Autre interrogation : que se passera-t-il en cas de changement de politique énergétique ? Nous-mêmes souhaitons qu'on arrête en priorité le retraitement et la fabrication du MOX et qu'on sorte progressivement du nucléaire.

Je me permets de citer un chiffre d'un rapport de la Cour des comptes sur la filière nucléaire, relatif à l'uranium appauvri, actuellement stocké : même avec la génération 4, il faudrait, pour écouler l'ensemble du stock d'uranium appauvri existant, près de 2 500 ans ! Pourriez-vous seulement imaginer l'état dans lequel était notre pays, il y a 2 500 ans ?

Le problème est bien là : comment penser des projets sur des durées aussi longues ? Bien sûr, j'entends le discours : « c'est l'héritage, il faudra bien le gérer ». Yannick Rousselet a rappelé la grande différence qu'il pouvait y avoir entre l'Allemagne, où la décision a été prise de fermer le robinet puis de gérer les résultats du passé, et la France, où l'on essaie de nous convaincre, à travers ce type de projet, que l'on pourrait continuer finalement à produire encore des déchets pendant des décennies.
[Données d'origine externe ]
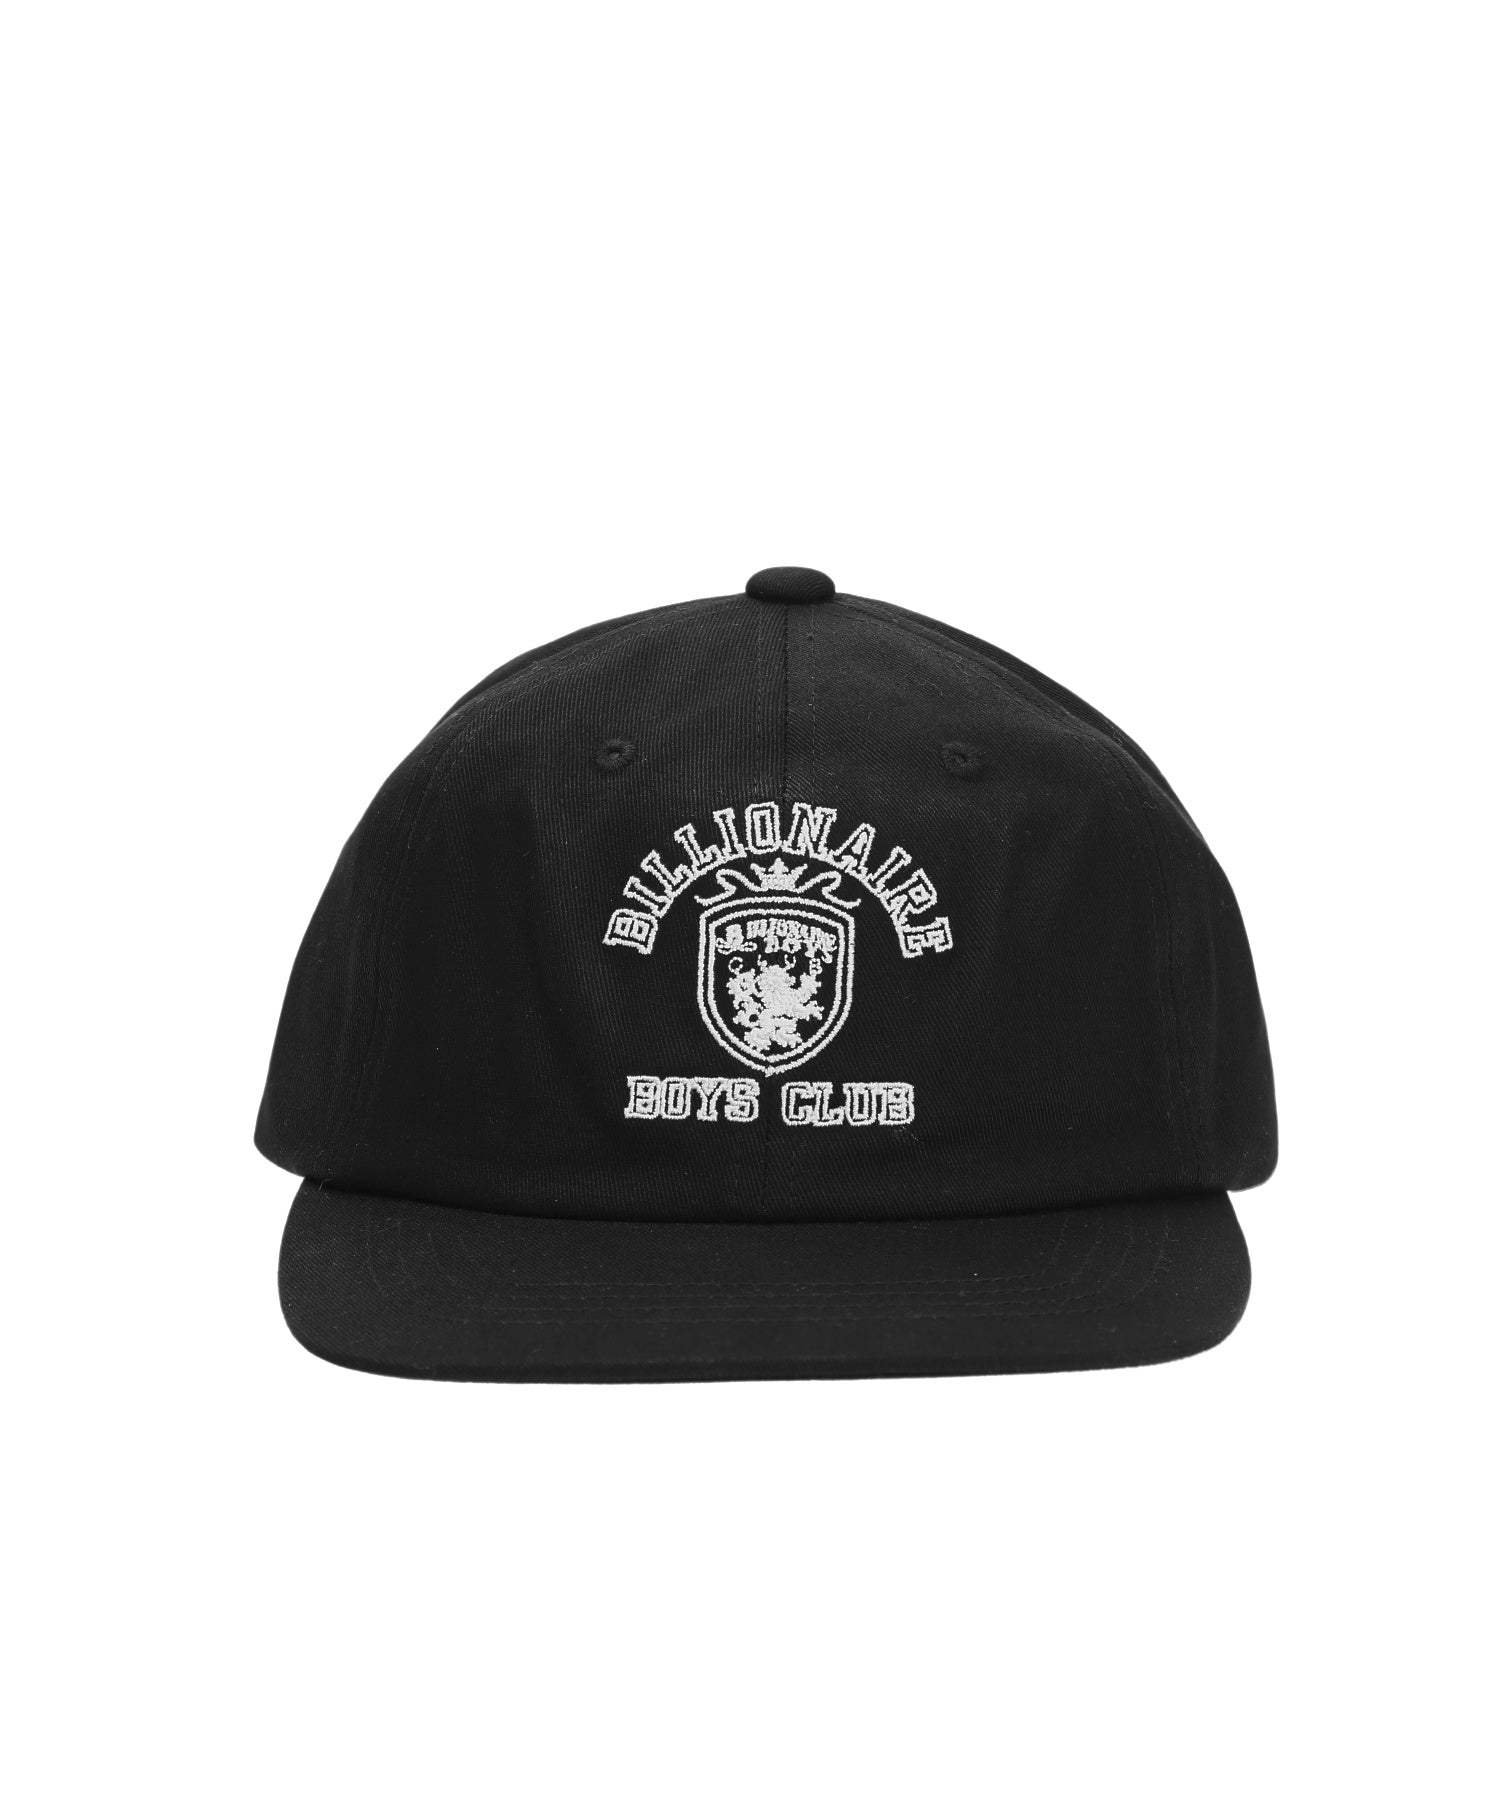 BILLIONAIRE BOYS CLUB/ビリオネア・ボーイズ・クラブ/EMBROIDERED LOGO COTTON CAP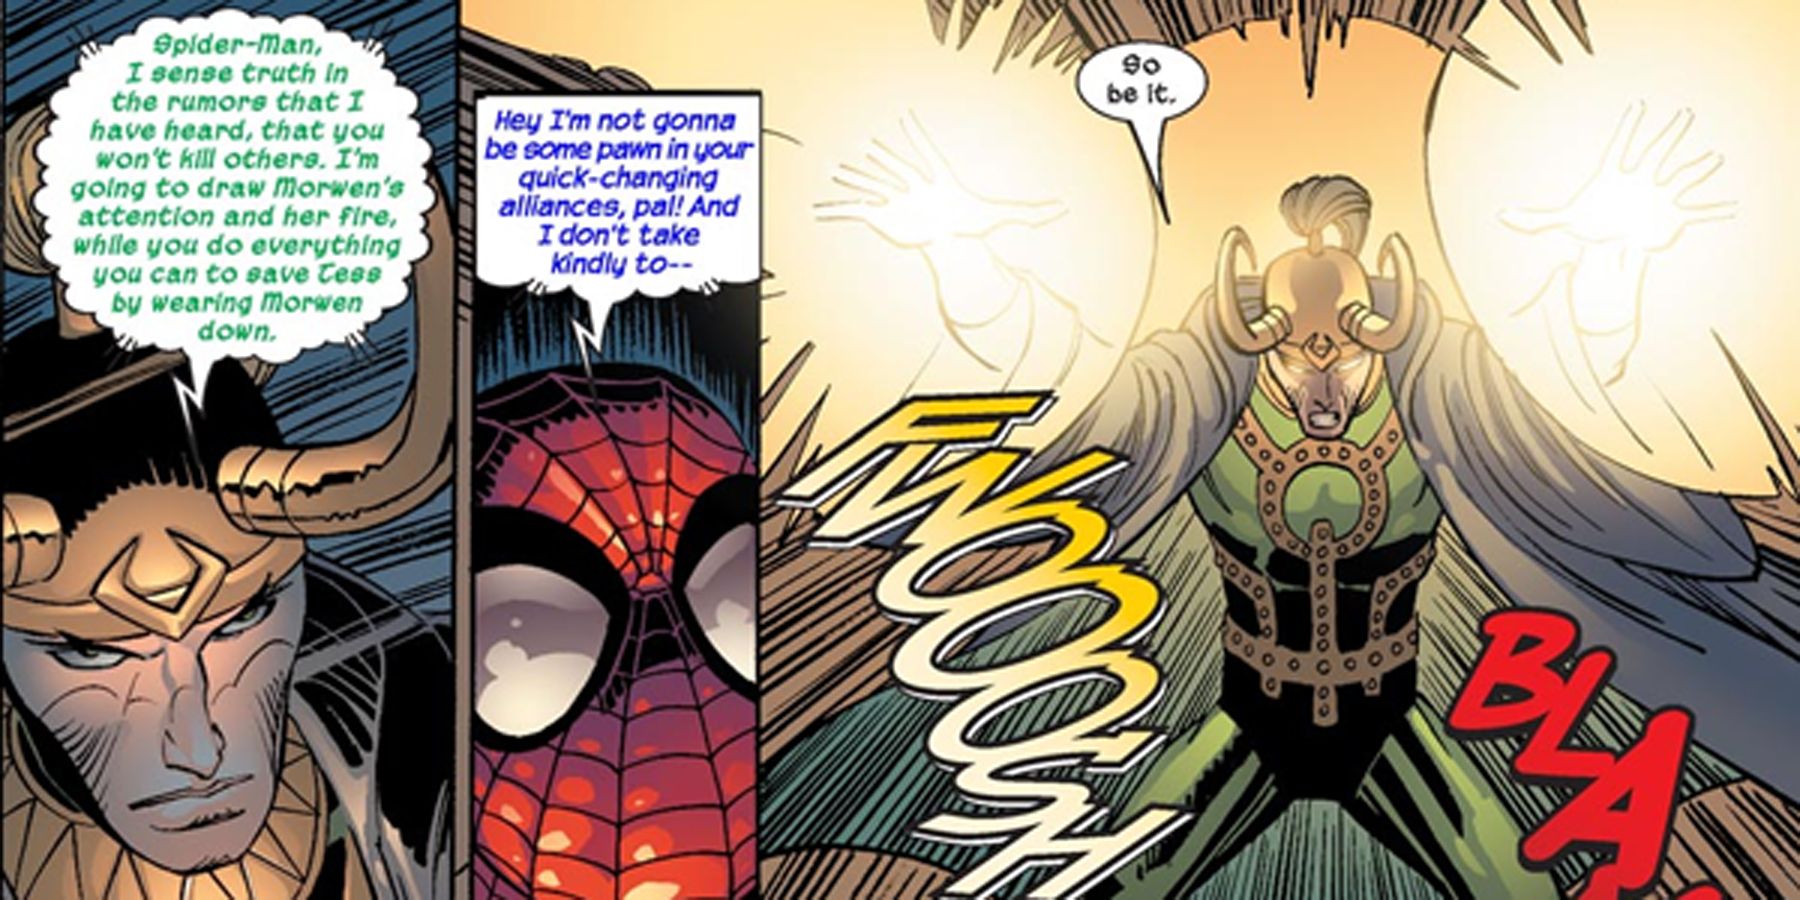 Spider-Man teams up with Loki

Voilà les raisons pour lesquelles nous sommes particulièrement inquiets pour le territoire qui va accueillir cette installation. Tout le monde a dit avec honnêteté que ce n'était pas un cadeau de se retrouver avec une telle poubelle. Si jamais le moindre incident intervient, par exemple, les producteurs de champagne qui se trouvent à proximité auront du mal à vendre leur « Champagne made in atome » au reste de la planète. (Murmures sur divers bancs). Demandez d'ailleurs aux viticulteurs proches des centrales nucléaires pourquoi ils veulent que l'on change le nom de leur production. Est-il si bizarre qu'ils ne souhaitent pas que les appellations viticoles soient associées à des sites nucléaires ?

Nous avons de quoi nous interroger sur le projet que l'on est en train de nous vendre, surtout quand on sait qu'il pourrait être complètement modifié en cas de changement de politique énergétique. Bien sûr, on refera un débat public. Mais une fois qu'on aura commencé à creuser, il y a fort à parier qu'on nous dira : « On vous avait promis un laboratoire, mais pas de déchets. Vous aurez des déchets. Et en fin de compte, vous en aurez même encore plus ». Voilà ce qui est en train de se préparer et voilà pourquoi ce projet nous inquiète grandement.